> _Work required_
Write out the line that holds "SHIMMER LIGHTS SHIMMER" together with every line that follows it to the end of the material below, exactly. Omit the pictures.

> _Given data_
_ _ _ _ _
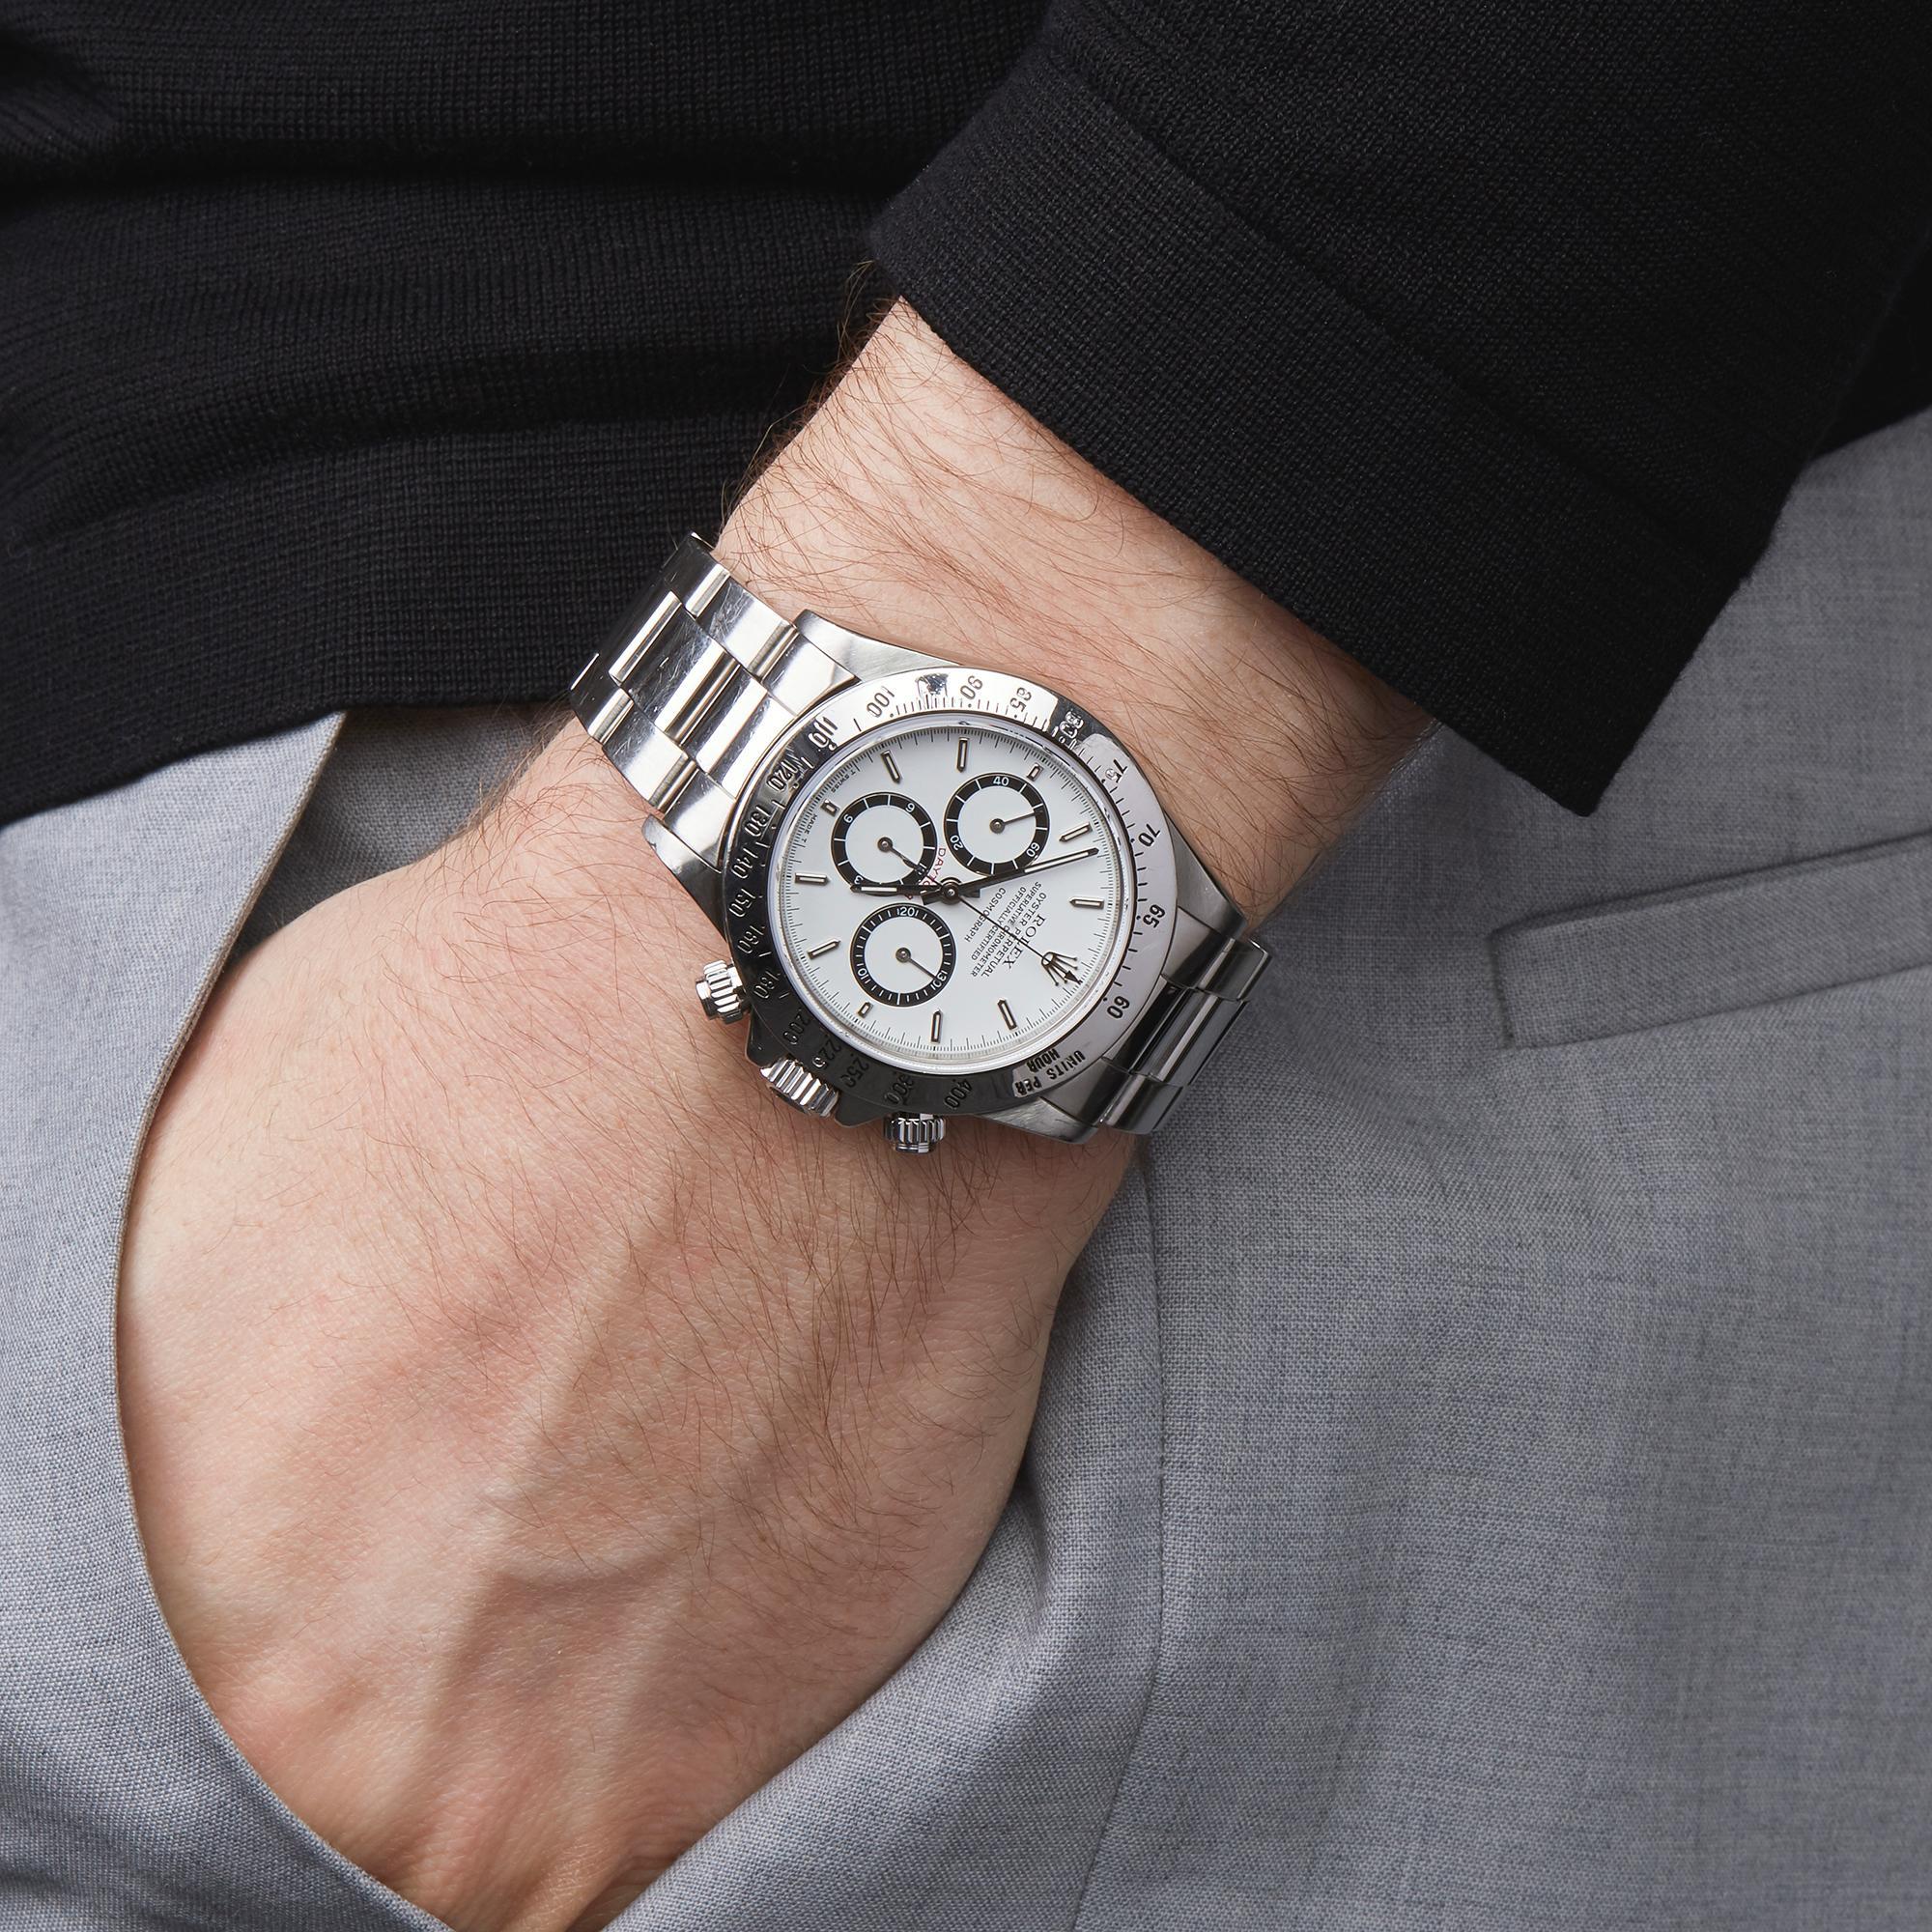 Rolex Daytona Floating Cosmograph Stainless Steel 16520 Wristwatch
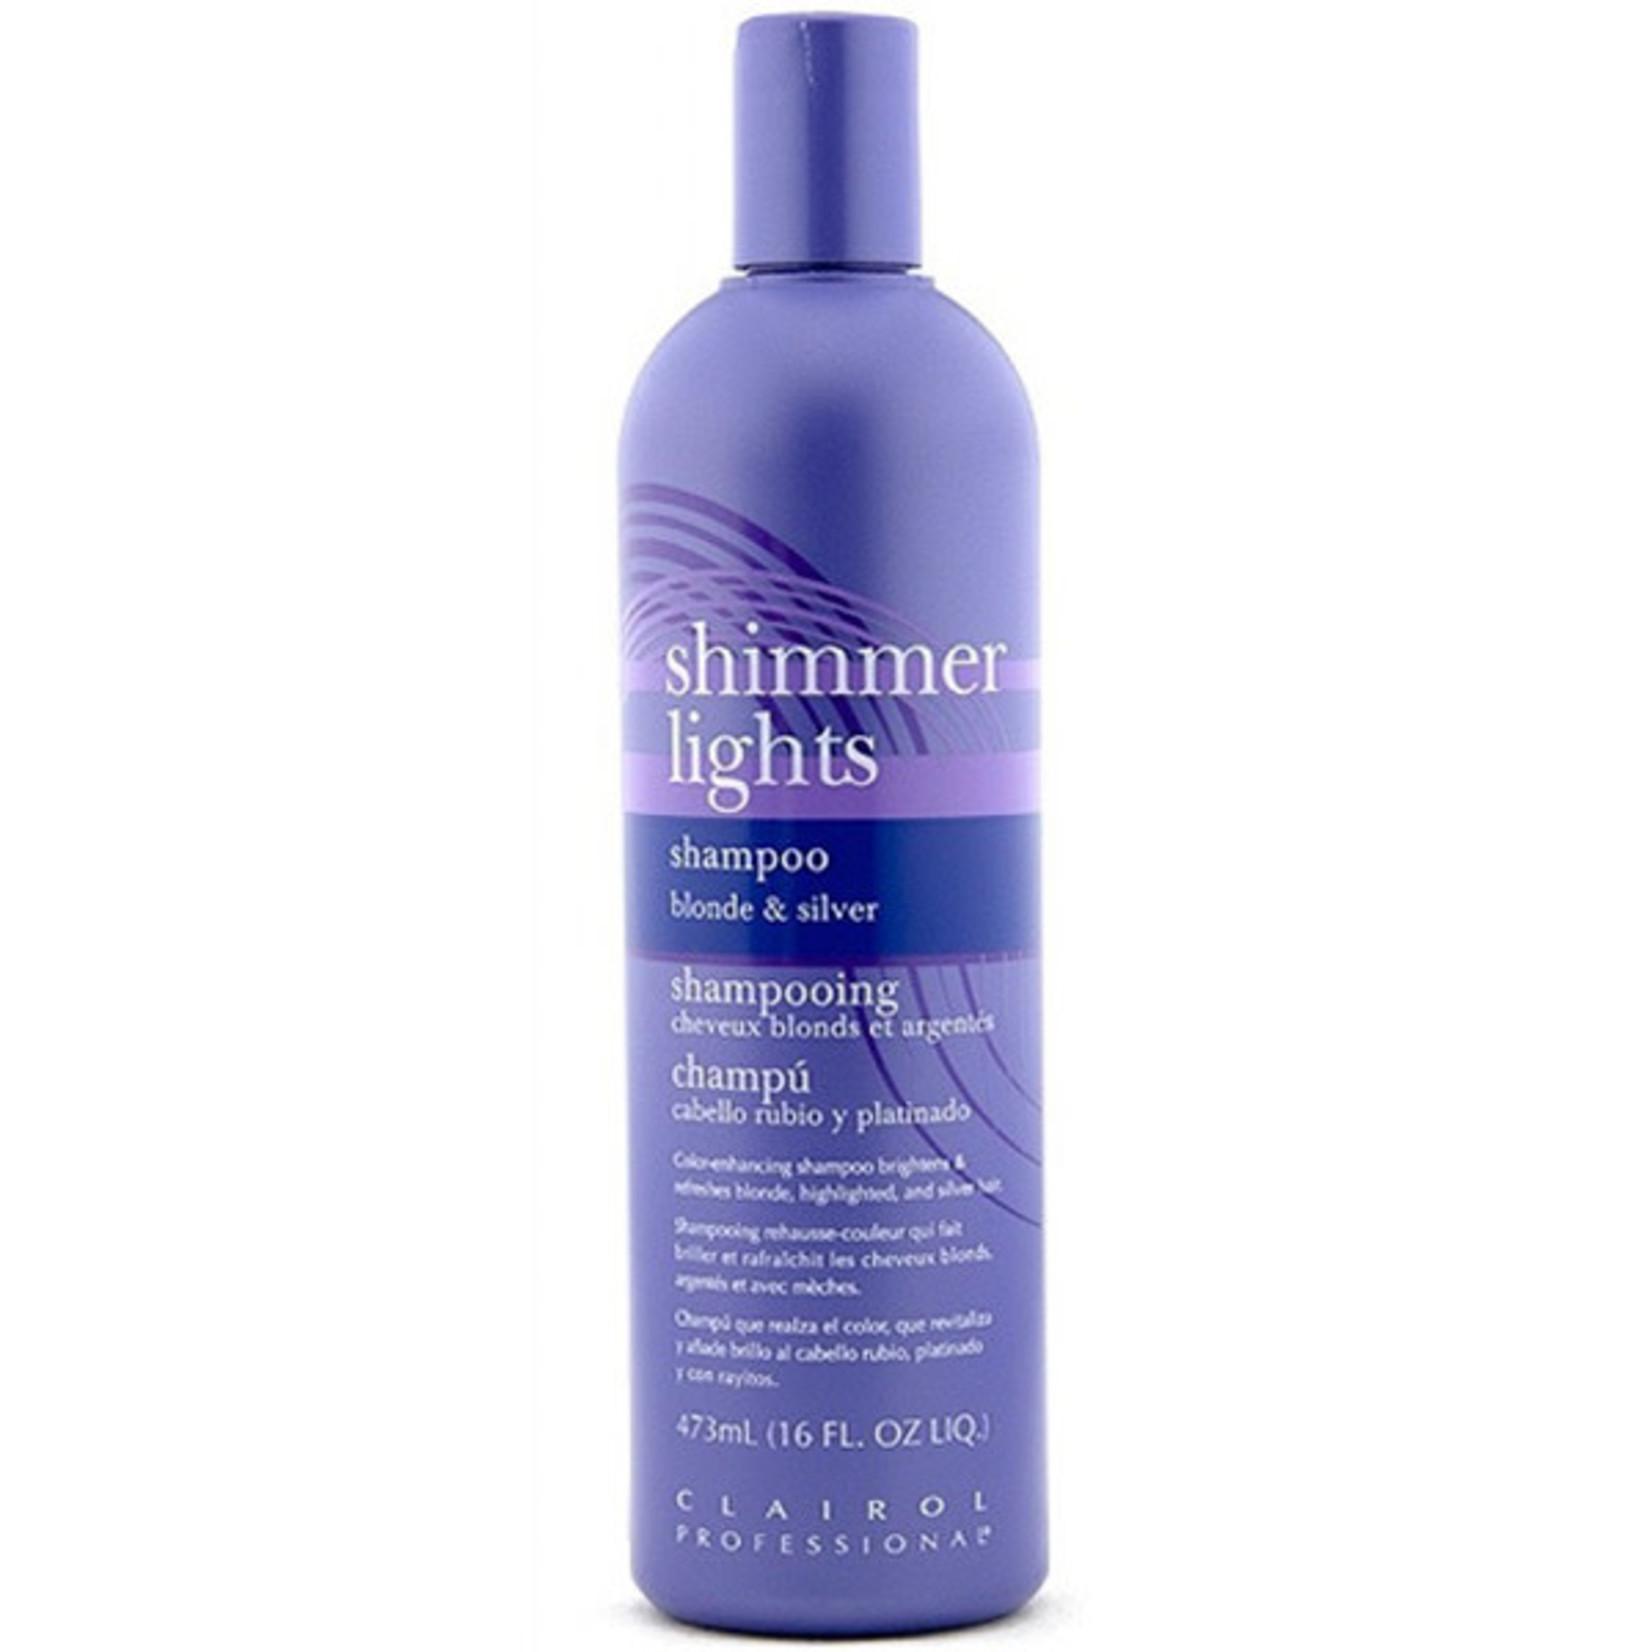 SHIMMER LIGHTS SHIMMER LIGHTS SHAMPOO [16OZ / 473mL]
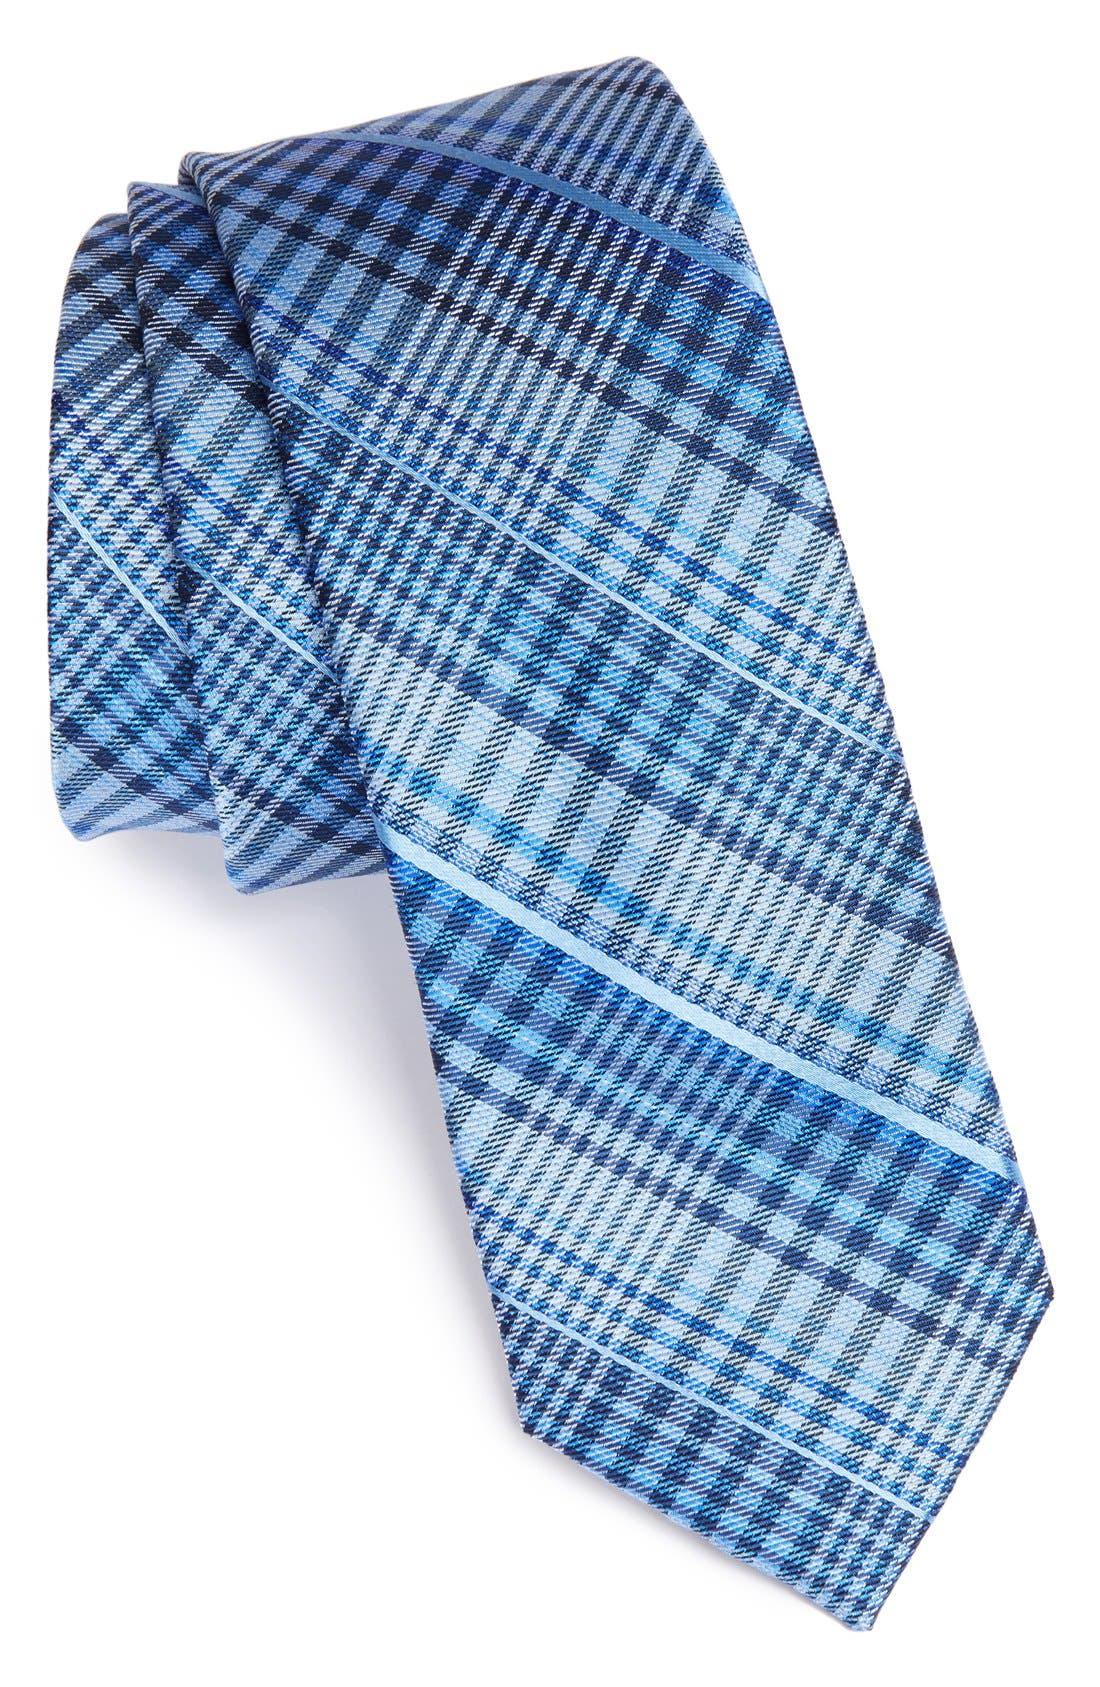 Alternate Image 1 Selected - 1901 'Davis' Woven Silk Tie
_ _ _ _ _
> _Exercise result_
 SHIMMER LIGHTS SHIMMER LIGHTS SHAMPOO [16OZ / 473mL]
 Alternate Image 1 Selected - 1901 'Davis' Woven Silk Tie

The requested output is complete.